The GDELT Project

GKG Person Name Histogram 2015-2019

Among the myriad metadata fields computed by the Global Knowledge Graph (GKG) is a list of all person names found in each article. To date, the GKG records 2,458,844,208  mentions of 77,641,688 distinct person names. This list of names is unnormalized and represents the raw name as-is, typographical errors, transliteration and spelling variants and all, that was found in the article.

With the release of the new Global Entity Graph (GEG) there has been considerable interest in constructing normalization tables of the GKG's person name list.

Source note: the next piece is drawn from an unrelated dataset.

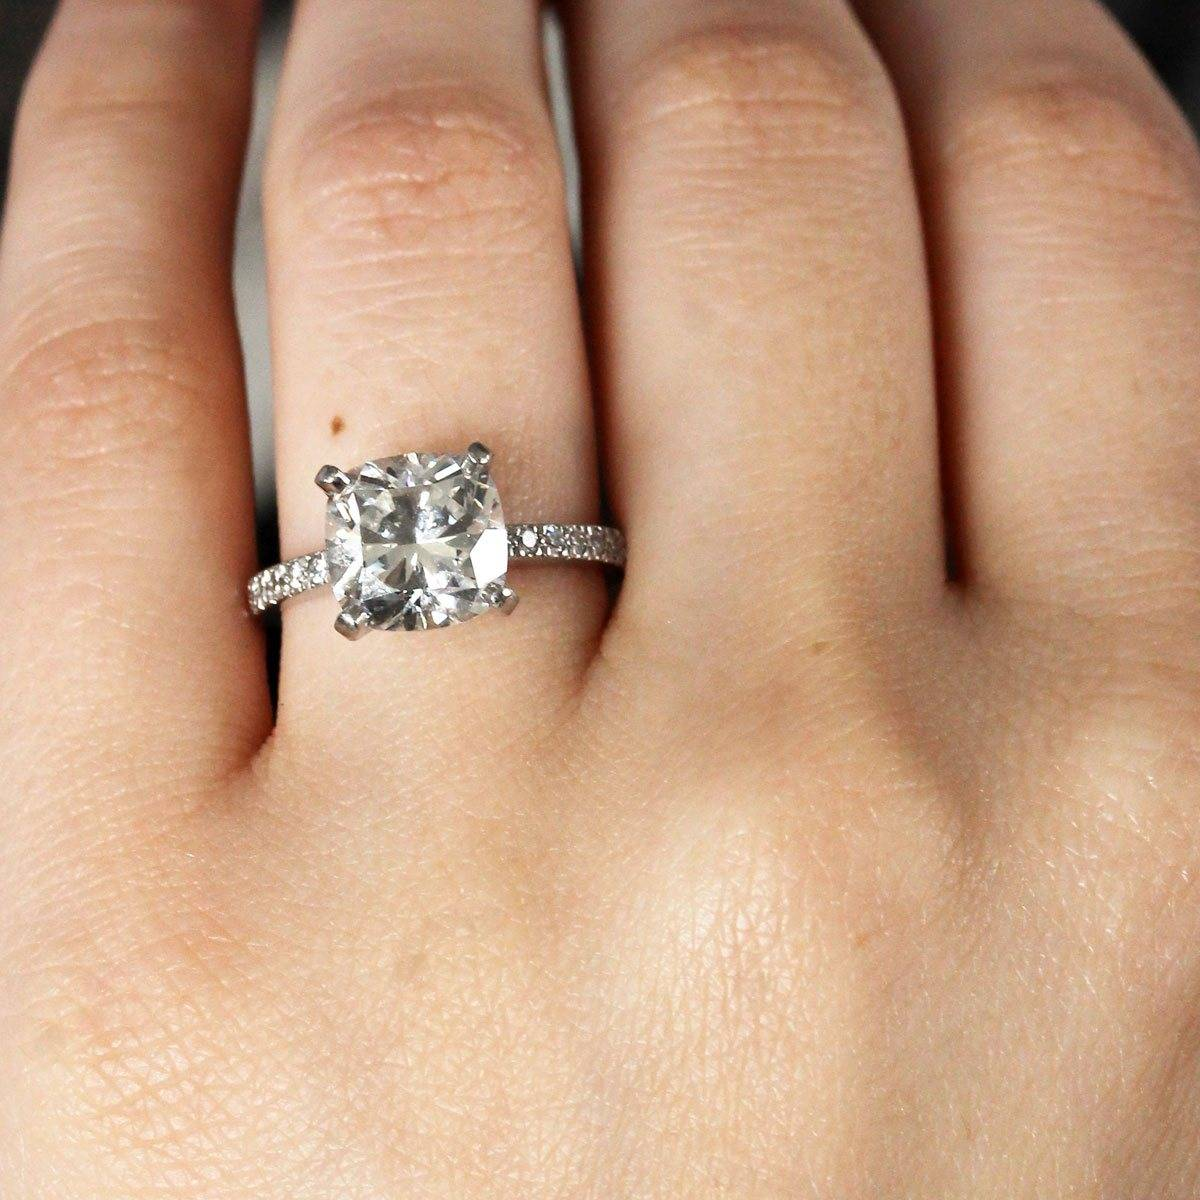 Cushion Cut Engagement Rings NO Halo Raymond Lee Jewelers

To assist with such efforts, we've released a master histogram of all unique person names identified in the one billion global news articles processed by the GKG 2015-2019.

All names were algorithmically extracted using language models, meaning you will undoubtedly find plenty of errors in this list, comprised of a mixture of algorithmic error and errors in the original articles.

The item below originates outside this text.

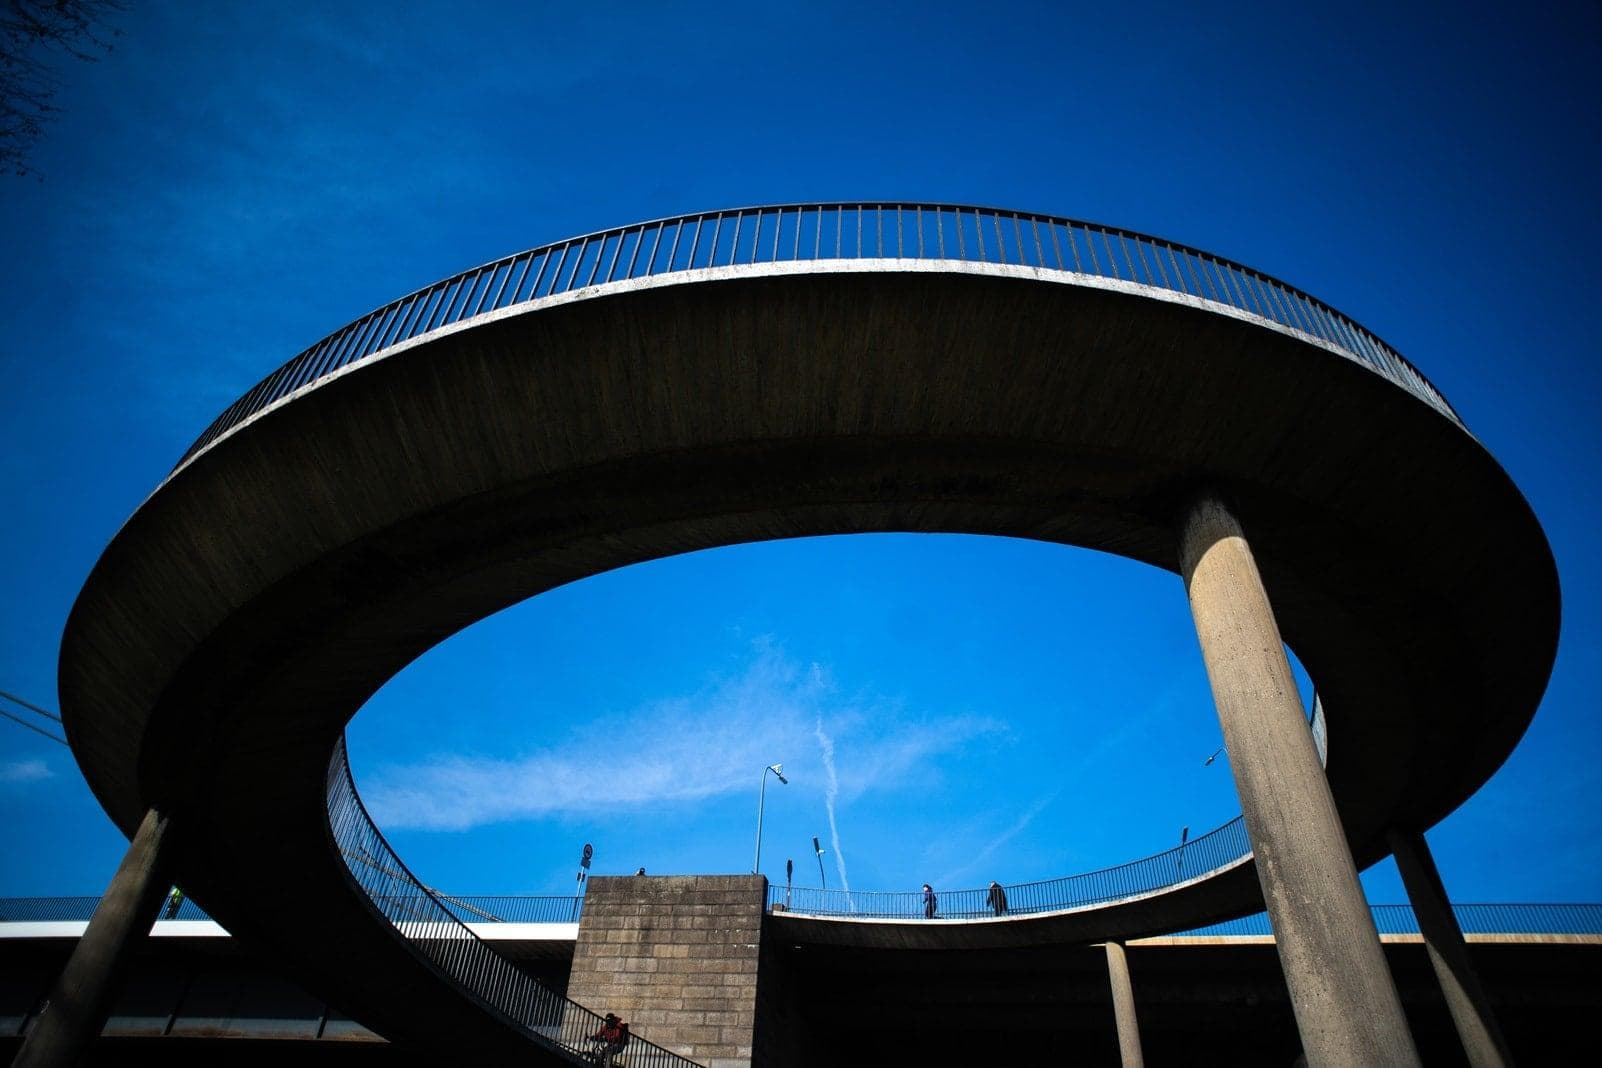 Düsseldorf Blauer Himmel Theodor-Heuss-Brücke

The master name list is available for download below as a UTF8 CSV file with the first column being the lowercased name as extracted from the English machine translation of the article and the second being the number of articles in which the name was found:

TECHNICAL DETAILS

Constructing the list above required just a single line of SQL in BigQuery:

SELECT Name, count(1) Count FROM `gdelt-bq.gdeltv2.gkg_partitioned`, UNNEST(SPLIT(Persons,';')) AS name WHERE length(Persons) > 3 group by Name

The sharded CSV GCS export files were then concatenated together using "tail +2" to remove the header row from each shard.